2. garhane on Jul 26, 2007 at 6:22 AM permalink
My bet is nothing at all of any great political significance will happen in the USA this year. Great social tides, disruptions of the social order of a very serious kind, collapse of economic value or of the accepted rules of the social order have always preceeded situations in which the rulers accept a murderous bandit. All that is happening now is the the off side political party is showing too much timidity and is waiting for some one else to rid it of Bush. But the American Imperial policy, wasteful and savage as it is, still works though it is not clear how much that depends on the numerous bases. Not much, I would think. So we wait till the earth itself delivers the message that we have a new kind of crisis that none of the old rules are amenable to. Would it not be weird if the infuriated bursts of outrage of a bellowing old German with boils on his bum, you know, all that Hegelian unfolding stuff, turned out to be right about the self destruction of our system. Anyhow, that two bit poker player Bush and his ridiculous crowd of thieves and liars are far too busy grabbing at anything not nailed down to do much else. So climate, which will destroy us, will save us. Il faut accepter des consequences necessaire.
3. Warren J Raftshol on Jul 26, 2007 at 6:06 PM permalink
It will be interesting to see if US and Canadian protest groups can get any traction against the NAU/SPP conference at Montebello, Quebec on August 20-21
4. Peacenik on Jul 28, 2007 at 4:34 PM permalink
Quigley’s book may be the most important work in the history of American Political “Science”.The “World System” which he speaks of sounds an awful lot like a Global Fascist State.This is an excerpt from an essay by Mark Evans written in the 90’s “New World Order= New Age Global Fascism”:
“Fascism, classically, is an economic system in which the power elite,variously termed the oligarchy, plutocracy, or ruling class, employ the police power of the State to enforce the economic domination of privately owned cartels and corporations, industrial and financial. From its inception in 1922,under Mussolini, through the Reagan and Thatcher ‘80s, fascism has been associated with nationalism, since fascist states (including the “friendly” or"fireside chat” version practiced in the U.S. since Roosevelt’s New Deal)have continually relied upon patriotic nationalism to enforce enthusiasm from the people.

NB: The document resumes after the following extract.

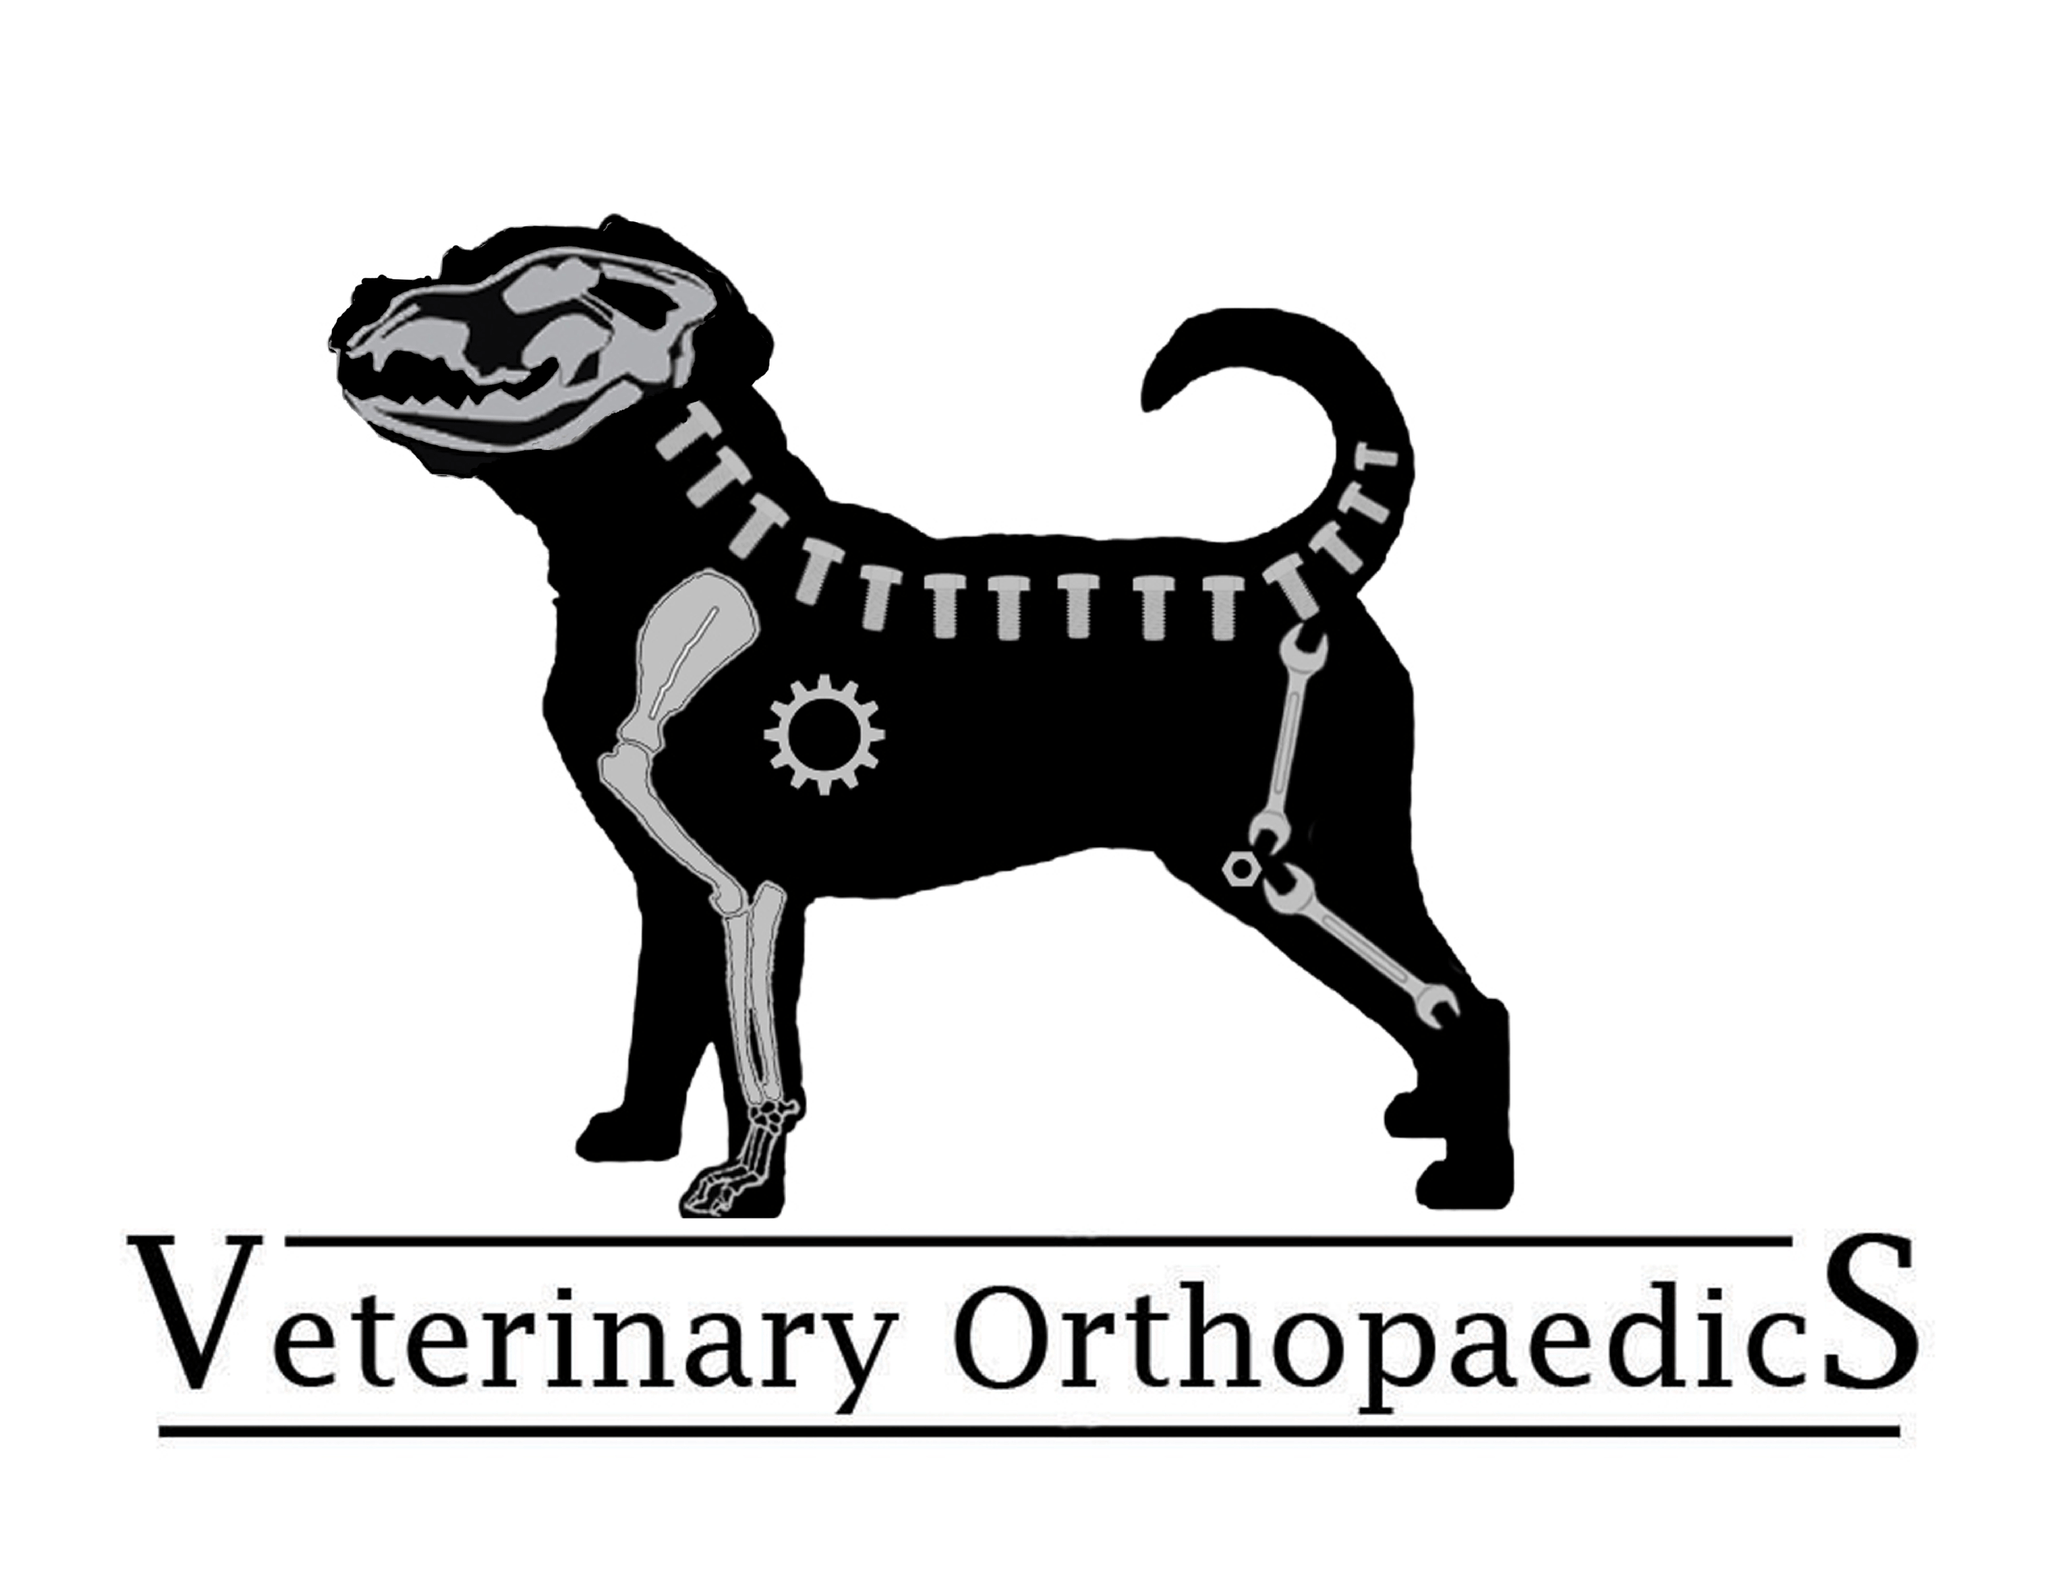 Veterinary Orthopaedics

A careful analysis of the money trail shows that the driving force behind the push for world government today is the power of multinational cartels:
media, food, grain, industrial, mineral, oil and pharmaceutical, and their interlocking international prime banks operating through the Trilateral financial centers of London, New York and Tokyo, globally operating from the smaller hub of Basel-Zurich-Geneva.

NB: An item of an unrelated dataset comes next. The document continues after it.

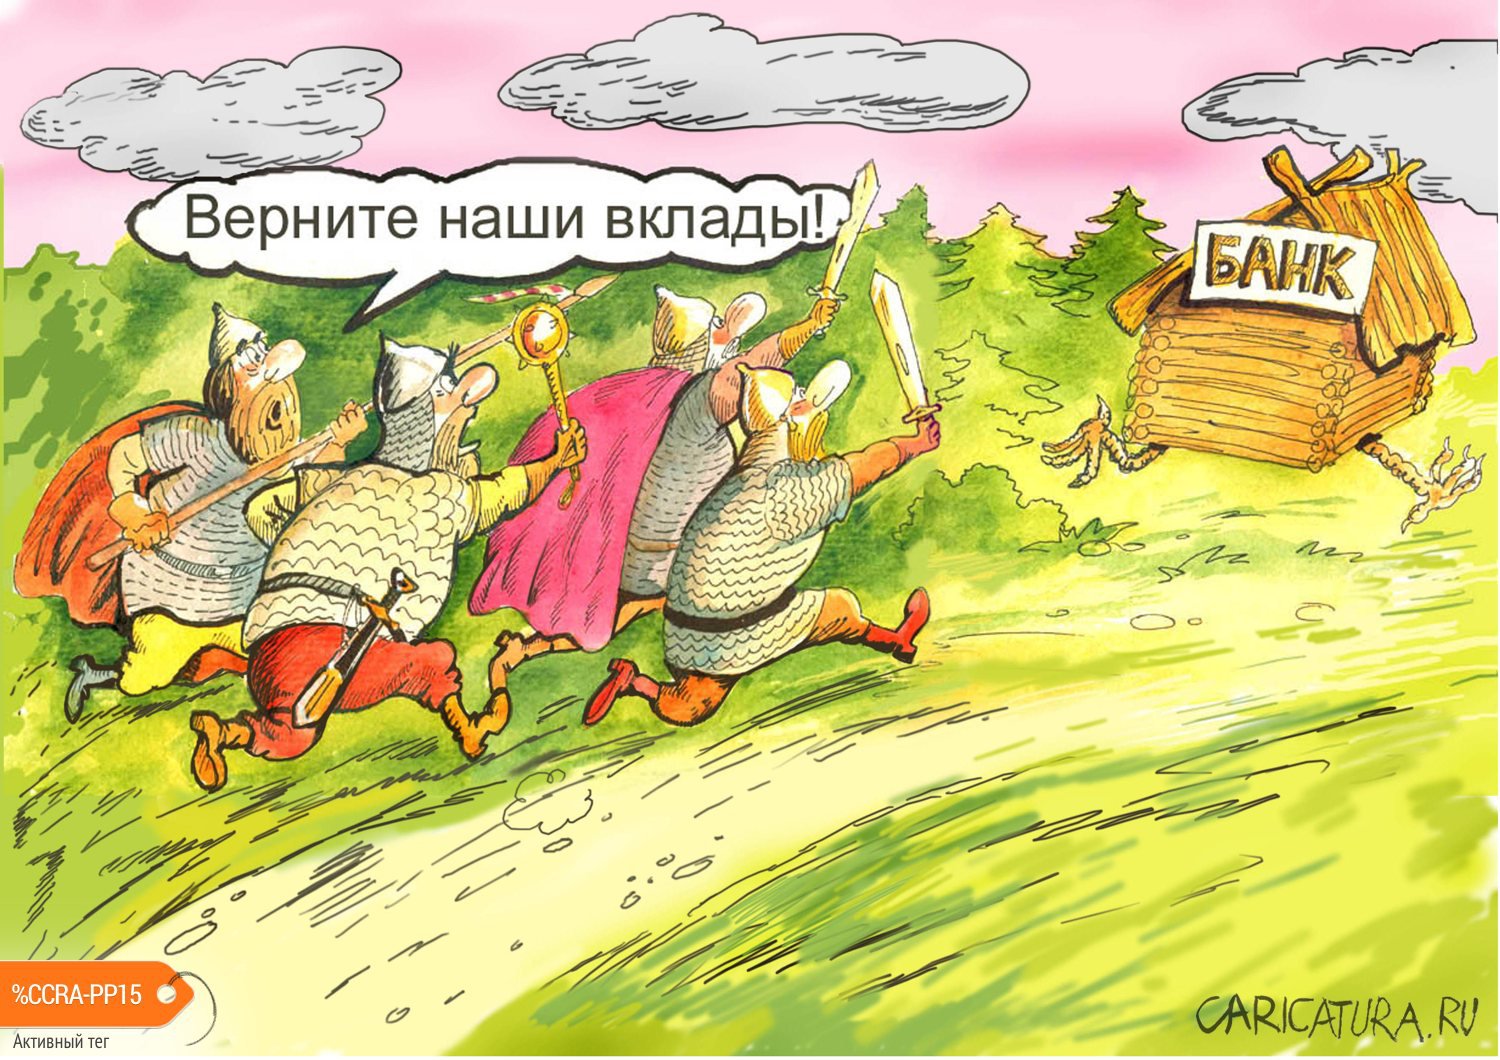 Карикатура "Верните наши вклады", Георгий Майоренко

Since 1990, when George Bush brought the phrase “New World Order” outof the closet (it was Adolf Hitler’s pet phrase first) we have entered a new phase. The push for world government of, for, and by the transnationalcartels is on in earnest. The globalists, being thoroughly multi-partisan, have continued to implement the agenda of their New World Order under Clinton,even while utilizing the right-wing in America to attack Clinton as a"socialist." This scenario has had the net effect of moving the whole dialectic further in the direction of universal fascism.”